# Following this resource
https://www.kdnuggets.com/2019/09/overview-topics-extraction-python-latent-dirichlet-allocation.html

https://github.com/FelixChop/MediumArticles/blob/master/LDA-BBC.ipynb

# Initial Setup

## Imports

In [None]:
# Basics
import pandas as pd
import numpy as np

# Loading and saving data
import pickle

# Progress
from tqdm import tqdm

# Set random seed
np.random.seed(42)

# Plotting
import plotly.express as px

# Latent Dirichlet Allocation
from gensim.models import LdaModel, CoherenceModel

# Build corpus
from gensim import corpora

# Saving Models
from gensim.test.utils import datapath

# Combinations
from itertools import combinations

## Loading Models

In [None]:
num_topics = 20
def get_model(num_topics):
    file_path = f'../model/LDA-{num_topics}topics'
    lda_model = LdaModel.load(file_path)
    return lda_model

lda_model = get_model(20)

In [None]:
def get_topics(lda_model):
    topics = lda_model.show_topics(num_topics = -1, num_words=20, formatted=False)
    return topics

topics = get_topics(lda_model)
topic = topics[0]
topic

## Jaccard Similarity

In [None]:
def jaccard_similarity(set1, set2):
    intersection = set1.intersection(set2)
    union = set1.union(set2)
    similarity = len(intersection)/len(union)
    return similarity

test_set1 = {1, 2, 3}
test_set2 = {2, 3, 4}
assert jaccard_similarity(test_set1, test_set2) == 1/2, "Should return 1/2."

In [None]:
def topic_word_set(topic):
    word_tuple_list = topic[1]
    word_set = {word_tuple[0] for word_tuple in word_tuple_list}
    return word_set

word_set = topic_word_set(topic)
word_set    

In [None]:
def mean_jaccard_similarity(topics):
    N = len(topics)
    similarity_list = []
    combs = combinations(topics, 2)
    for topic1, topic2 in combs:
        set1 = topic_word_set(topic1)
        set2 = topic_word_set(topic2)
        similarity_list.append(jaccard_similarity(set1, set2))
    mean_similarity = np.mean(similarity_list)
    return mean_similarity

mean_jaccard_similarity(topics)

## Get Corpus

In [None]:
with open('../data/processed_data.pkl', mode='rb') as file:
    data_records = pickle.load(file)

tokens = [post['description_tokens'] for post in data_records]
dictionary_LDA = corpora.Dictionary(tokens)
dictionary_LDA.filter_extremes(no_below=3)
corpus = [dictionary_LDA.doc2bow(token) for token in tokens]

## Coherence Score

In [None]:
def get_coherence(model, texts, dictionary):
    coherence_model = CoherenceModel(
        model=model, 
        texts=texts, 
        dictionary=dictionary, 
        coherence='c_v')
    coherence = coherence_model.get_coherence()
    return coherence

This function takes several minutes to run.
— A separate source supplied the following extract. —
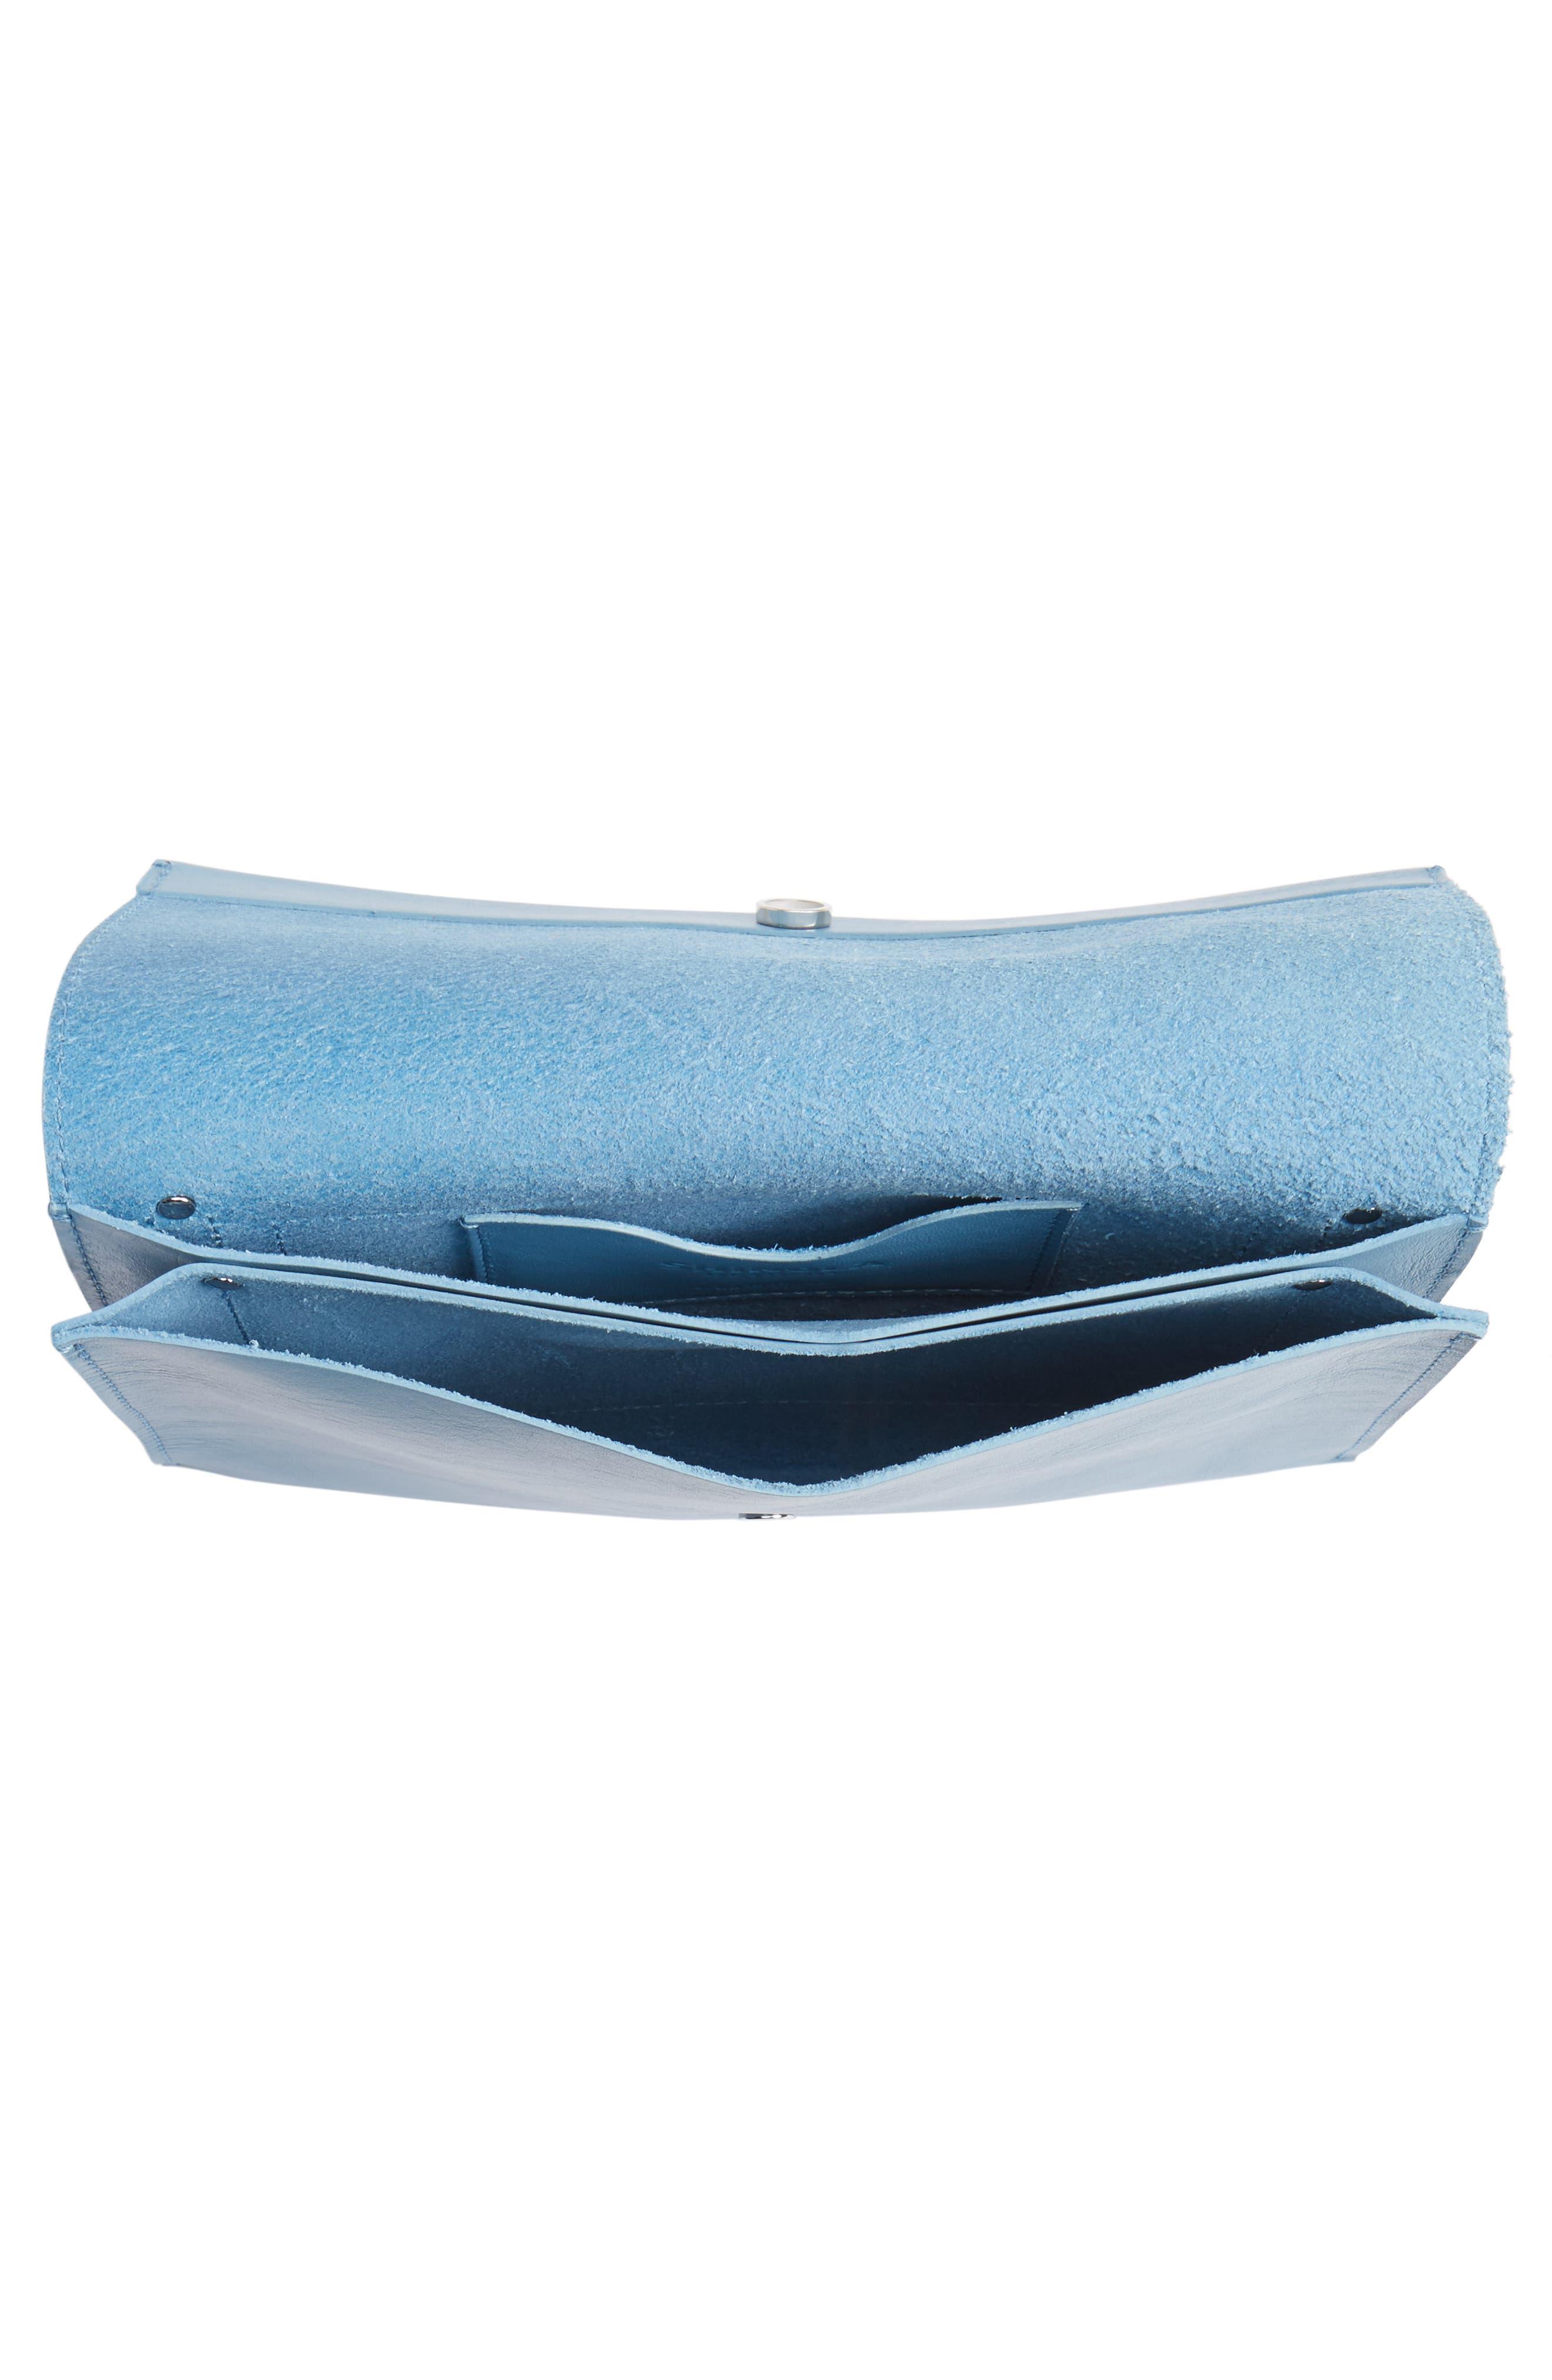 Alternate Image 4  - Shinola Crossbody Leather Bag

We have pickled the output.

```python
def get_metrics(texts, dictionary):
    metrics_list = {
        'n': [],
        'mean_jaccard': [],
        'coherence': []        
    }
    for n in tqdm(range(2,31)):
        model = get_model(n)
        topics = get_topics(model)
        metrics_list['n'].append(n)
        metrics_list['mean_jaccard'].append(mean_jaccard_similarity(topics)),
        metrics_list['coherence'].append(get_coherence(model, texts, dictionary))
    return metrics_list

metrics_list = get_metrics(tokens, dictionary_LDA)
with open('../model/metrics.pkl', mode='wb') as file:
    pickle.dump(metrics_list, file)
```

In [None]:
with open('../model/metrics.pkl', mode='rb') as file:
    metrics_list = pickle.load(file)

## Plotting Metrics

In [None]:
metrics_df = pd.DataFrame(metrics_list)
metrics_df.head()

In [None]:
px.line(
    data_frame = metrics_df,
    x = 'n',
    y = ['mean_jaccard', 'coherence'],
    title = 'latent dirichlet allocation topic number selection'.title(),
    labels = {
        'n': 'Number of Topics',
        'variable': 'Metric'
    }
)

Based on the plot above, we select 24 topics for our model. It might be advisable to investigate models with more than 30 topics as both coherence and mean Jaccard similarity are still improving slowly.